UM ALEMÃO NA VIDA DO MEU PAI RAMALHO LEITE
Quando arribaram de Moreno para Borborema, em uma madrugada de agosto de 1942, meus pais, Arlindo e Eurídice, vinham no rastro do alemão Guilherme, já acomodado naquele burgo pelo manto protetor do doutor José Amâncio Ramalho, o chefe político e provedor econômico do lugar. Meu pai conseguira salvar o estoque de sua loja financiada pelo alemão, mas este perdera quase tudo quando incendiaram sua casa de comercio e residência. Uma vida nova seria aberta para os dois- meu pai e o alemão- sócios em uma firma de tecidos e ferragens. Quem não teria esperança de vida, seria a minha irmã Tereza Newman. Carregada no ventre da minha mãe, pagou pela aflição da gestante durante aqueles dias de horror. Foi a primeira paraibana vitima da Segunda Grande Guerra, mesmo a milhares de quilômetros do campo de batalha.
Segundo me contaram, a população da Vila de Moreno (Solânea) tinha estima pelo alemão. Detestava, porém, sua mulher, dona Margarida. Por conta dela, o comércio do europeu virou alvo dos justiceiros após ser transmitida a noticia do fundeamento de navios brasileiros na nossa costa, por obra de submarinos alemães e/ou italianos. Dona Margarida era defensora da sua pátria e, por conta dessa paixão, chegou a proclamar que, vencendo a Alemanha, faria uma “calcinha” com o tecido da nossa bandeira. Irritava os locais com essas chacotas. Pagou por isso.

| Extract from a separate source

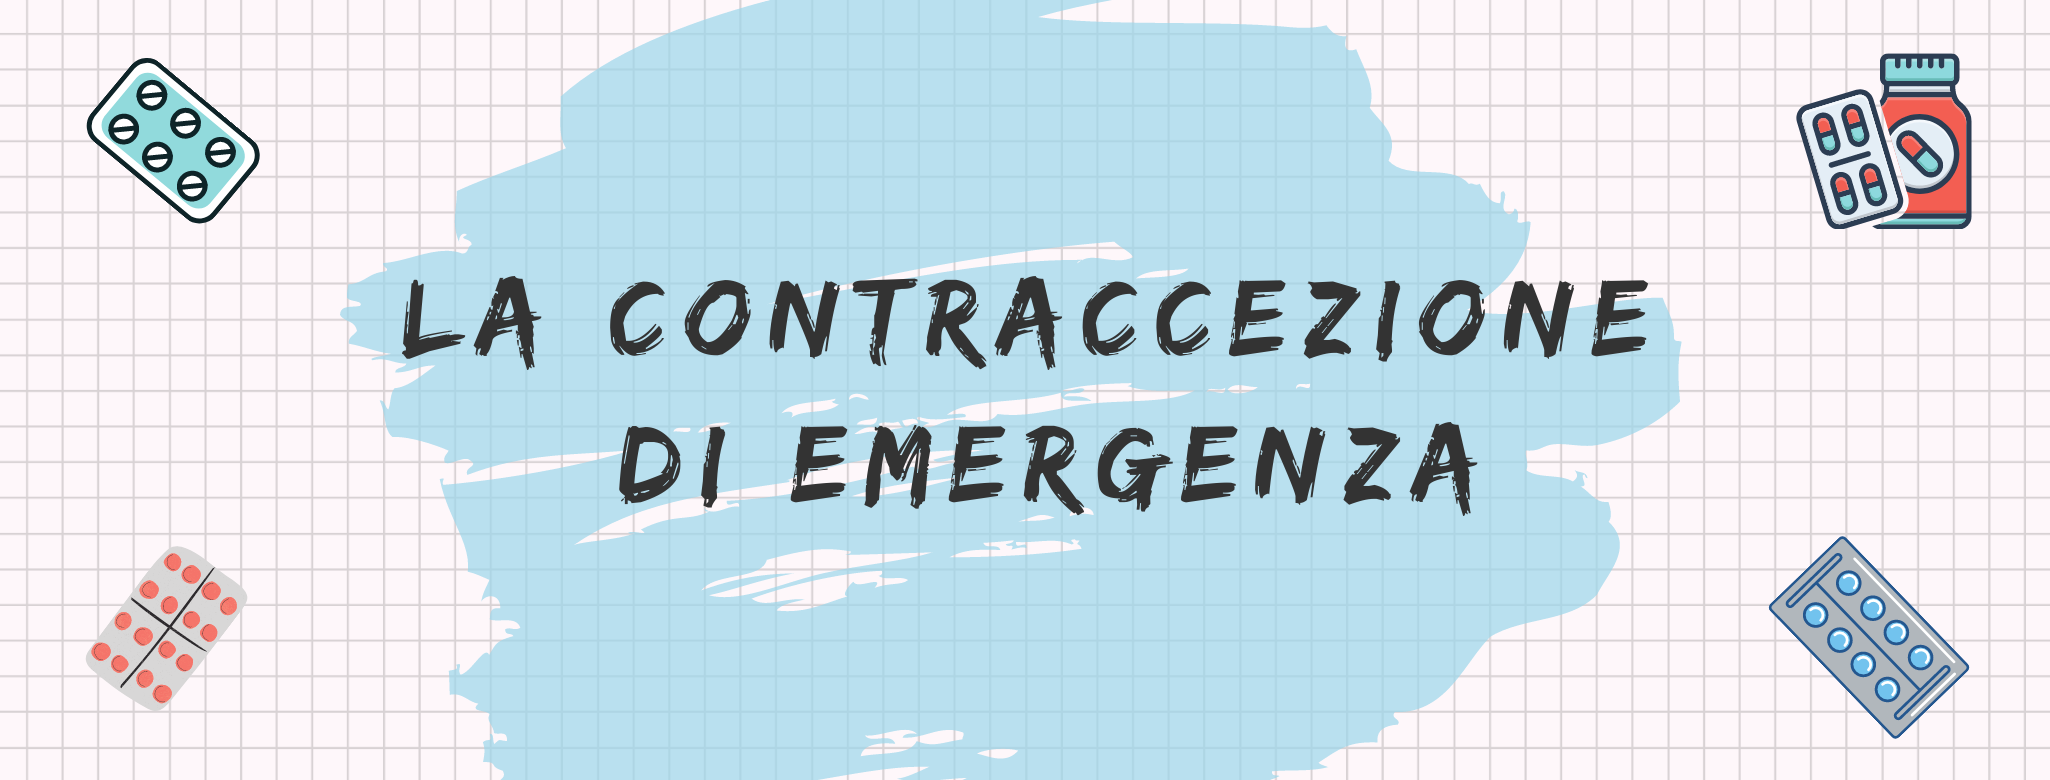 Copertina Contraccezione di emergenza1

Em Borborema já residia outro patrício de “seu” Guilherme. “Seu” Harris Kramer, mecânico dos melhores, atendia aos engenhos de rapadura e participara da montagem de Hidroelétrica Borborema. Constituiu família na cidade. Dona Alzira, sua esposa, era filha de Adelson Lucena, tio do estimado senador Humberto Lucena. Dona Alzira foi agente dos Correios até sua aposentadoria. O casal era compadre dos meus pais.Um de seus filhos, Artur, é auditor fiscal do Estado. O trio de alemães no brejo seria completado com “seu” Frederico, que se fixou em Bananeiras e depois migrou para Natal.
Um outro alemão teve importância na história de Bananeiras em épocas mais remotas. Chegou trazido sob custódia, do Recife, pelo cafeicultor Antonio Alves da Rocha, filho do Comendador Felinto e neto do Barão de Araruna, para montar uma usina de beneficiamento de café e de arroz. Esse alemão, chamado Wildt, era engenheiro mecânico e estava detido em função da primeira grande guerra. Antonio Rocha conseguiu sua liberação, e mediante assinatura de um termo de responsabilidade trouxe o alemão para Bananeiras. Este, logo cedo encantou-se com uma filha do seu guardião, conhecida como Dina.O casamento não demorou, mas essa família cresceria sem o pai, acometido de febre tifóide e falecido prematuramente. Uma de suas filhas – Herta, viria a ser avó da primeira coronel da Policia Militar da Paraíba- Cristiane Wildt.
Mas o alemão da minha história é outro. Seu Guilherme era um comerciante nato. Tal uma fênix, renasceu das cinzas, literalmente. Sua casa de comércio em Borborema vendia de tudo. Tecidos, material elétrico, ferro, parafusos, prego, graxa, óleo lubrificante, gasolina, querosene e até água destilada para renovar baterias. Meu pai, como seu sócio, era cumpridor do ritual da severidade germânica. A grave enfermidade do alemão levou-o de volta à família, no Recife. Com o seu falecimento, meu pai compraria a parte dele na empresa. Bastou ficar sozinho e se encantar com os acenos da política, para jogar fora o que amealhara durante anos. Quebrou.
O que quebrou também foi um gramofone de cordas do alemão. Na mudança apressada, a geringonça jogada por cima de um muro, caiu na cabeça de Antonio Souto, filho de outro com o mesmo nome que Arnóbio Viana batizou uma escola na Vila Gama. Souto foi o menino que ajudou meu pai no esforço de salvar alguma coisa do alemão. Carregou para sempre uma cicatriz na testa. A geringonça funcionava pressionando-se e rodando o dedo sobre o disco. Era meu brinquedo preferido. A música alemã arranhada por uma agulha enferrujada, ainda hoje ressoa nos meus ouvidos.